Design Innovation Papers

Combined in Vivo/in Vitro Method to Study Anteriomedial Bundle Strain in the Anterior Cruciate Ligament Using a Dynamic Knee Simulator

[+] Author and Article Information
Naveen Chandrashekar

e-mail: nchandra@uwaterloo.ca
Department of Mechanical and Mechatronics Engineering,
University of Waterloo,
Waterloo, ON, N2L 3G1, Canada

Contributed by the Bioengineering Division of ASME for publication in the Journal of Biomechanical Engineering. Manuscript received December 5, 2011; final manuscript received December 18, 2012; accepted manuscript posted January 29, 2013; published online February 11, 2013. Assoc. Editor: Richard Neptune.

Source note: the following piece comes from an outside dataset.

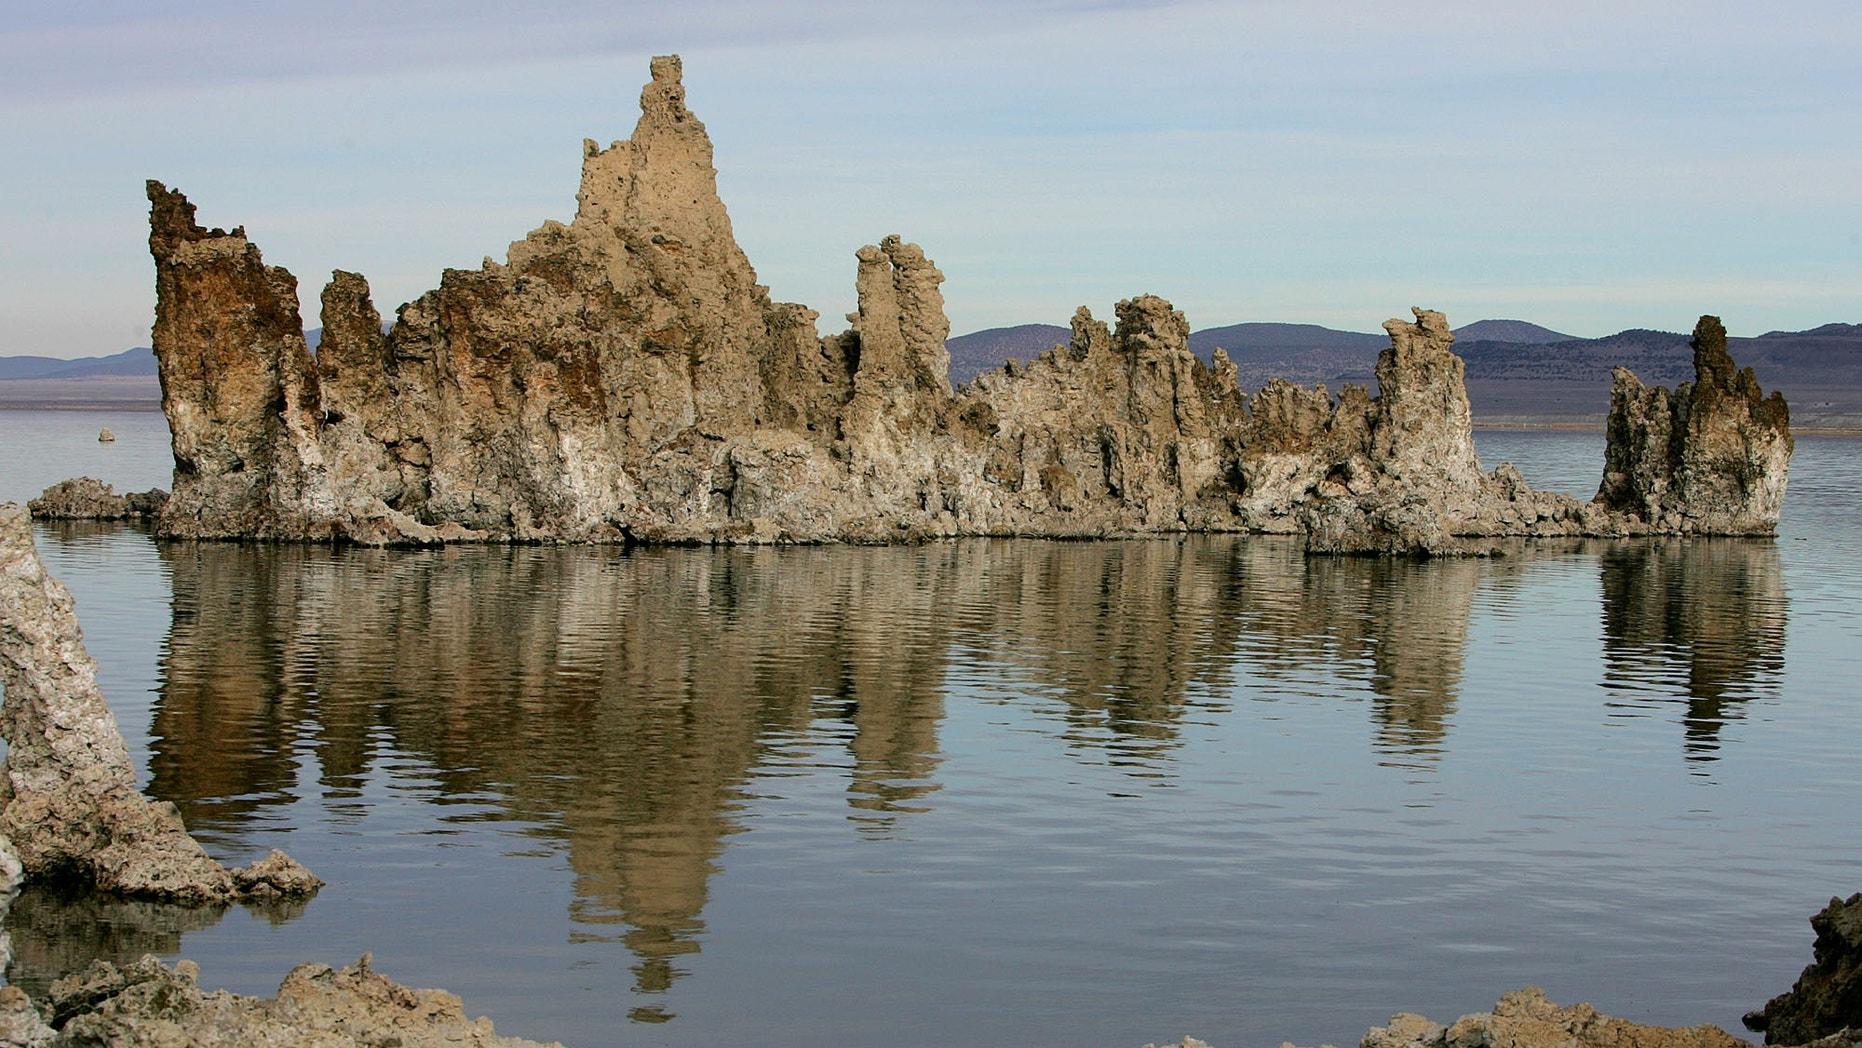 FILE: This photo shows tufa towers in Mono Lake near Lee Vining, Calif.

J Biomech Eng 135(3), 035001 (Feb 11, 2013) (8 pages) Paper No: BIO-11-1508; doi: 10.1115/1.4023520 History: Received December 05, 2011; Revised December 18, 2012; Accepted January 29, 2013

The mechanism of noncontact anterior cruciate ligament (ACL) injury is not well understood. It is partly because previous studies have been unable to relate dynamic knee muscle forces during sports activities such as landing from a jump to the strain in the ACL. We present a combined in vivo/in vitro method to relate the muscle group forces to ACL strain during jump-landing using a newly developed dynamic knee simulator. A dynamic knee simulator system was designed and developed to study the sagittal plane biomechanics of the knee. The simulator is computer controlled and uses six powerful electromechanical actuators to move a cadaver knee in the sagittal plane and to apply dynamic muscle forces at the insertion sites of the quadriceps, hamstring, and gastrocnemius muscle groups and the net moment at the hip joint. In order to demonstrate the capability of the simulator to simulate dynamic sports activities on cadaver knees, motion capture of a live subject landing from a jump on a force plate was performed. The kinematics and ground reaction force data obtained from the motion capture were input into a computer based musculoskeletal lower extremity model. From the model, the force-time profile of each muscle group across the knee during the movement was extracted, along with the motion profiles of the hip and ankle joints. This data was then programmed into the dynamic knee simulator system. Jump-landing was simulated on a cadaver knee successfully. Resulting strain in the ACL was measured using a differential variable reluctance transducer (DVRT). Our results show that the simulator has the capability to accurately simulate the dynamic sagittal plane motion and the dynamic muscle forces during jump-landing. The simulator has high repeatability. The ACL strain values agreed with the values reported in the literature. This combined in vivo/in vitro approach using this dynamic knee simulator system can be effectively used to study the relationship between sagittal plane muscle forces and ACL strain during dynamic activities.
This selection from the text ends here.